To pudełko o dziwnej nazwie z pewnością wie o wiele więcej, niż nam się na początku wydaje. Błyszczący mały gadżet, który jest dostarczany w prostym pakiecie, zawiera osobisty serwer FTP, klienta bittorrent i serwer wydruku.

Po rozpakowaniu pudełka podsumowaliśmy jego zawartość. Podstawowym warunkiem pracy jest zasilacz 230 V wraz z przewodem zasilającym, a przewodu LAN również nie może zabraknąć w urządzeniu sieciowym. Zewnętrzny dysk twardy praktycznie nie może istnieć bez interfejsu USB 2.0, więc w opakowaniu nie brakuje również kabla potrzebnego do takiego połączenia. Bardziej niedoświadczony użytkownik może napotkać trudności w uruchomieniu bez pomocy z zewnątrz, a instrukcja obsługi, która jest więcej niż zadowalająca w szczegółach, ale tylko w języku angielskim, pomoże tego uniknąć. Niezbędne wsparcie programowe otrzymujemy na mini CD, a śrubki z prezentowym śrubokrętem są dołączone do instalacji, a następnie podstawka umożliwiająca korzystanie z urządzenia na stojąco zamyka linię.

Nasz NAS w sieci 1

Zewnętrzna strona urządzenia jest w zasadzie atrakcyjna, której podstawowy ton nadaje ramka ze szczotkowanego aluminium. Kratka wentylatora jest efektowna, ale może zamiast tego byłaby lepsza zwykła ciemna kratka. Panel przedni po zdjęciu folii ochronnej daje ładną lustrzaną powierzchnię, która woli zbierać odciski palców spotykane w rodzinie.

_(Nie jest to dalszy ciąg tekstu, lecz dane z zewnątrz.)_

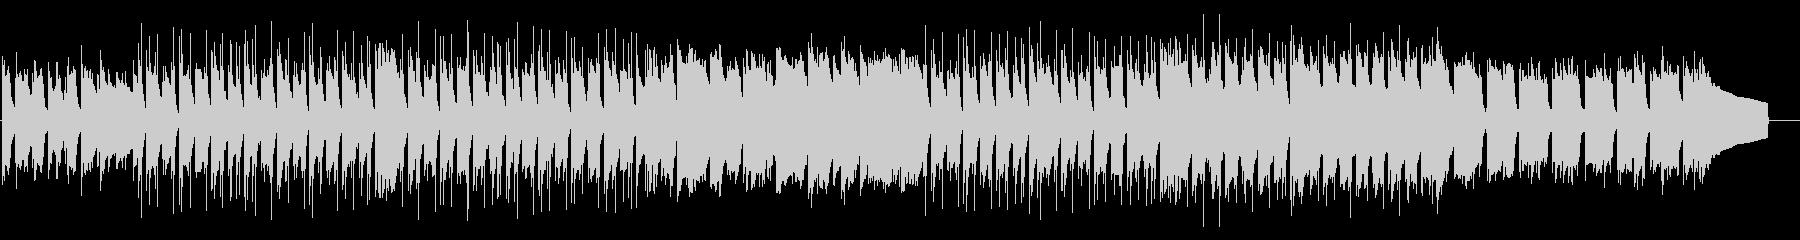 【リズム抜】木琴と口笛のほのぼのポップスの未再生の波形

Nasz NAS w sieci 2 Nasz NAS w sieci 3

Na wspomnianym przednim panelu znajdują się diody LED wskazujące obecność zasilania i pracę dysku twardego na dolnym panelu, a na górze wyświetlacz, na którym można zobaczyć aktualną wartość temperatury wewnętrznej i prędkość wentylatora. Pod wyświetlaczem znajdują się trzy przyciski. Za pomocą pierwszego możesz wybrać, czy chcesz zobaczyć wartość temperatury w stopniach Fahrenheita lub Celsjusza, a za pomocą pozostałych dwóch przycisków możesz ustawić krytyczną wartość temperatury, o której urządzenie nas powiadomi.

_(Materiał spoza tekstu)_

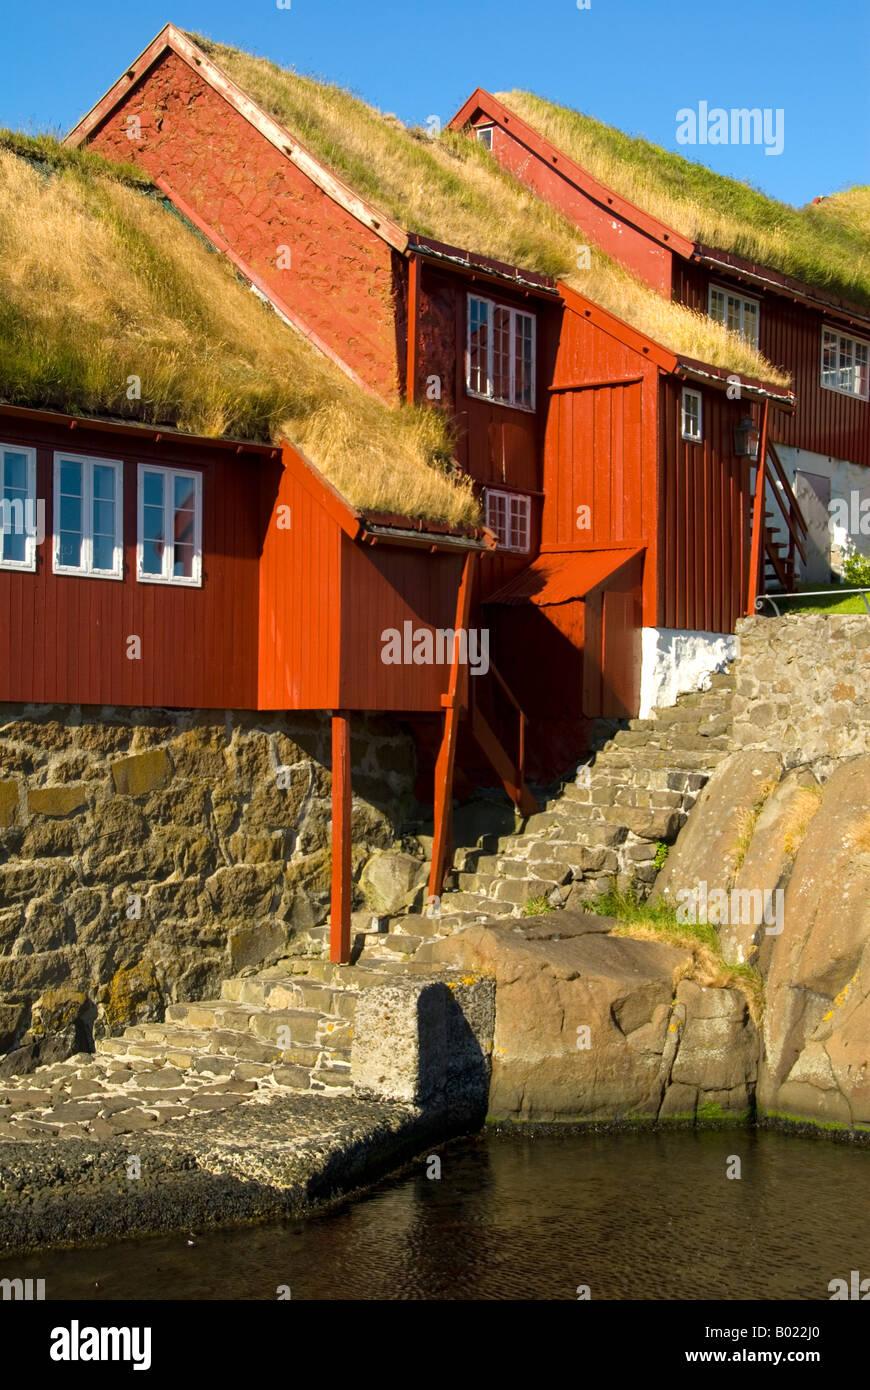 Holzbauten in der alten Stadt von Tinganes, Tórshavn, Färöer Inseln Stockbild

Tylna okładka, w której znajdują się interfejsy, jest znacznie bardziej ekscytująca. Oprócz złącza zasilania i wyłącznika głównego mamy możliwość włączania i wyłączania wentylatora, a w razie potrzeby możemy zrestartować urządzenie za pomocą przycisku reset. Połączenie jest tam monitorowane przez złącze RJ-45 i dwa USB, które odpowiadają za transmisję danych i podłączenie urządzeń zewnętrznych. W tym ostatnim znajduje się przycisk USB1-EXIT, za pomocą którego możemy poprawnie usunąć obce urządzenie. Pozostałą powierzchnię wypełniają otwory wentylacyjne.

Nasz NAS w sieci 4 Nasz NAS w sieci 5

Aby zainstalować, musisz wyciągnąć wewnętrzną komorę z zewnętrznej ramy, a następnie włożyć i zabezpieczyć dysk twardy. Usytuowanie 8 cm wentylatora (AFS110) jest korzystne, ponieważ zasysa on ogrzane powietrze dokładnie od spodu HDD, czyli elektroniki. Po zamocowaniu dysku twardego włóż ramkę z powrotem do etui i możesz zacząć zabawę!

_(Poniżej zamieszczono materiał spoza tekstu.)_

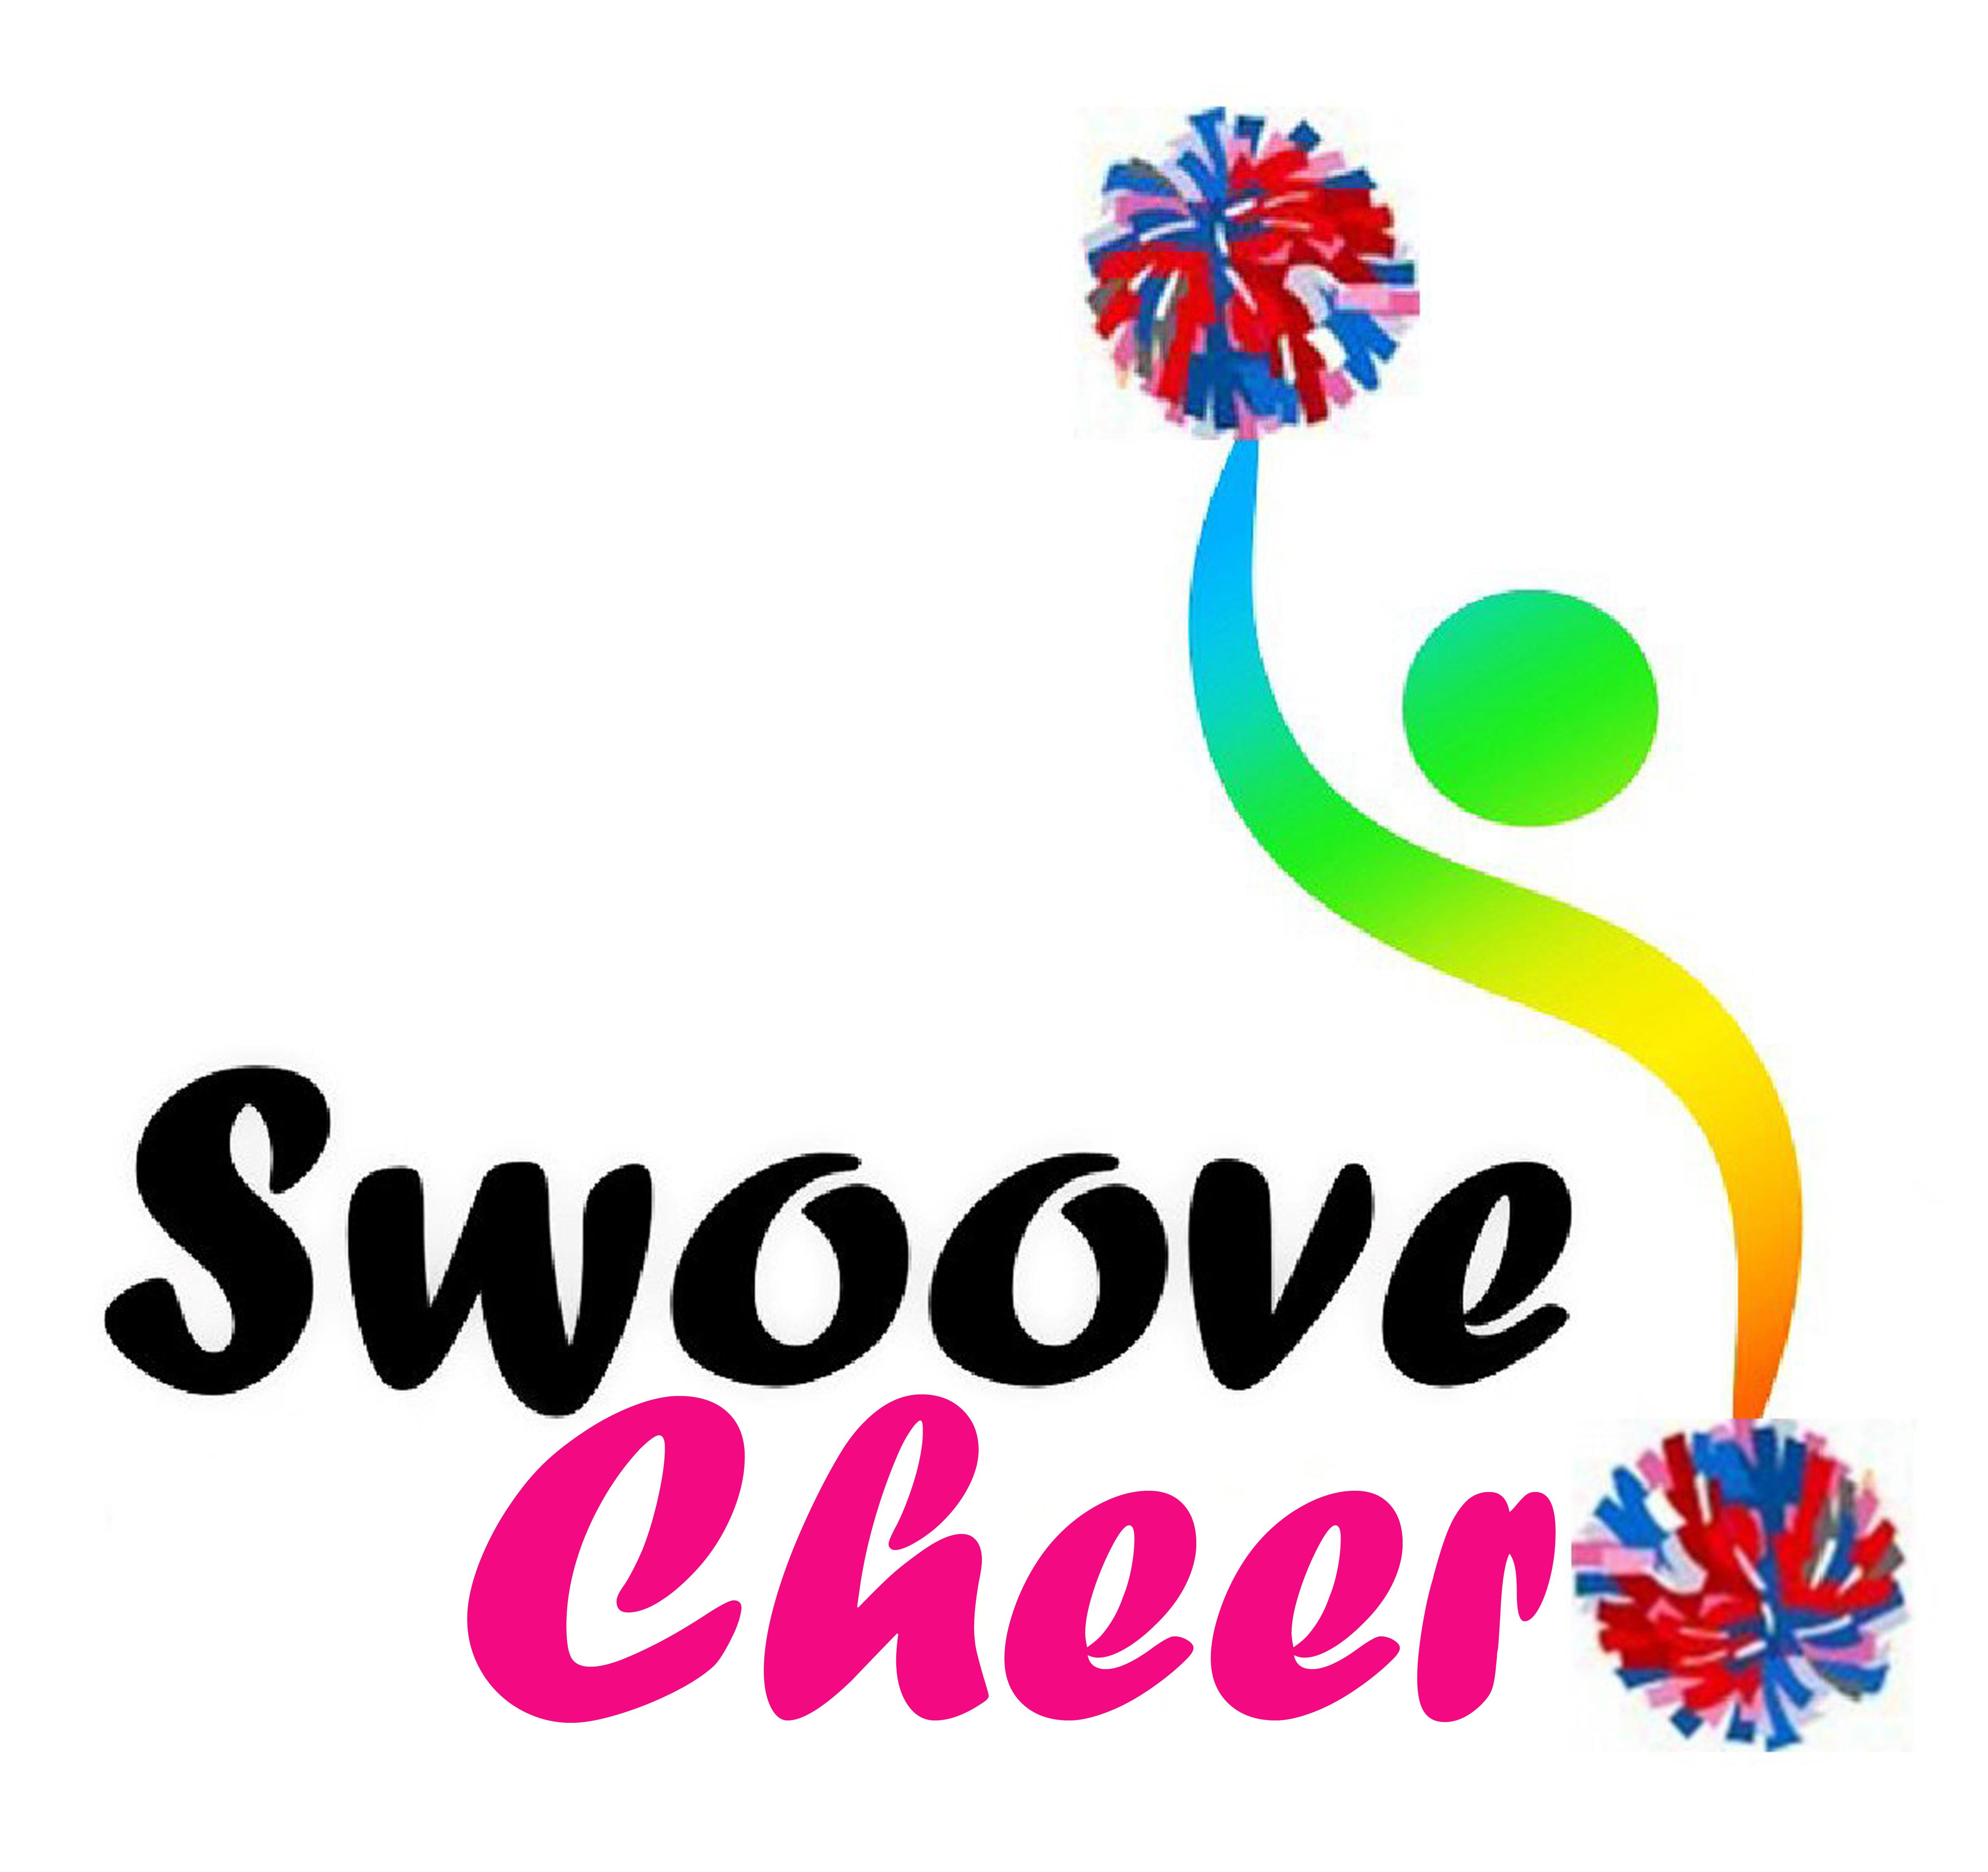 Swoove Cheer

Nasz NAS w sieci 6 Nasz NAS w sieci 7

Nieruchomości:

  • Interfejs Ethernet i USB 2.0
  • Obsługa dysków twardych 3,5″ SATA
  • Obsługa FTP i DHCP
  • Obsługa drukarki sieciowej
  • Klient Bittorrentrent
  • Obsługa serwera Samba w sieci lokalnej
  • Kompatybilny z routerami i modemami DSL
  • Zarządzanie hasłami dostępu do dysku twardego i zarządzania siecią
  • Funkcja restartu sprzętu za pomocą przycisku resetowania
  • Port USB do podłączenia urządzeń zewnętrznych takich jak zewnętrzny dysk twardy, Udisk, HUB

Nasz NAS w sieci 8

Dane techniczne:

Numer modelu:NSB3AS
Załączam:Ethernet, USB 2.0
Prędkości transmisji:Ethernet: 100 Mb/s; USB: 480 Mb/s
Użycie urządzenia: Dysk twardy 3,5″ SATA
Rozpoznawanie urządzenia:Obsługa hot-plug i Plug-play
Zasilacz:Zasilacz (AC 100 ~ 240 V, 50 ~ 60 Hz; DC 5 V / 12 V)
Materiał:Szczotkowane aluminium
Chłodzenie:Aktywny (wentylator poniżej)
Obsługa systemu operacyjnego:Windows 98se / Me / 2000 / XP / Vista / 7; MAC OS 8.6 lub nowszy
Rozmiary:196 × 150 × 88 mm (dł. x szer. x gł.)
Tłum:1,25 kg

Nasz NAS w sieci 9

O autorze

s3nki

Właściciel serwisu HOC.hu. Jest autorem setek artykułów i tysięcy newsów. Oprócz różnych interfejsów online pisał dla magazynu Chip, a także dla Guru PC. Przez jakiś czas prowadził własny sklep komputerowy, pracując przez lata jako kierownik sklepu, kierownik serwisu, administrator systemu oprócz dziennikarstwa.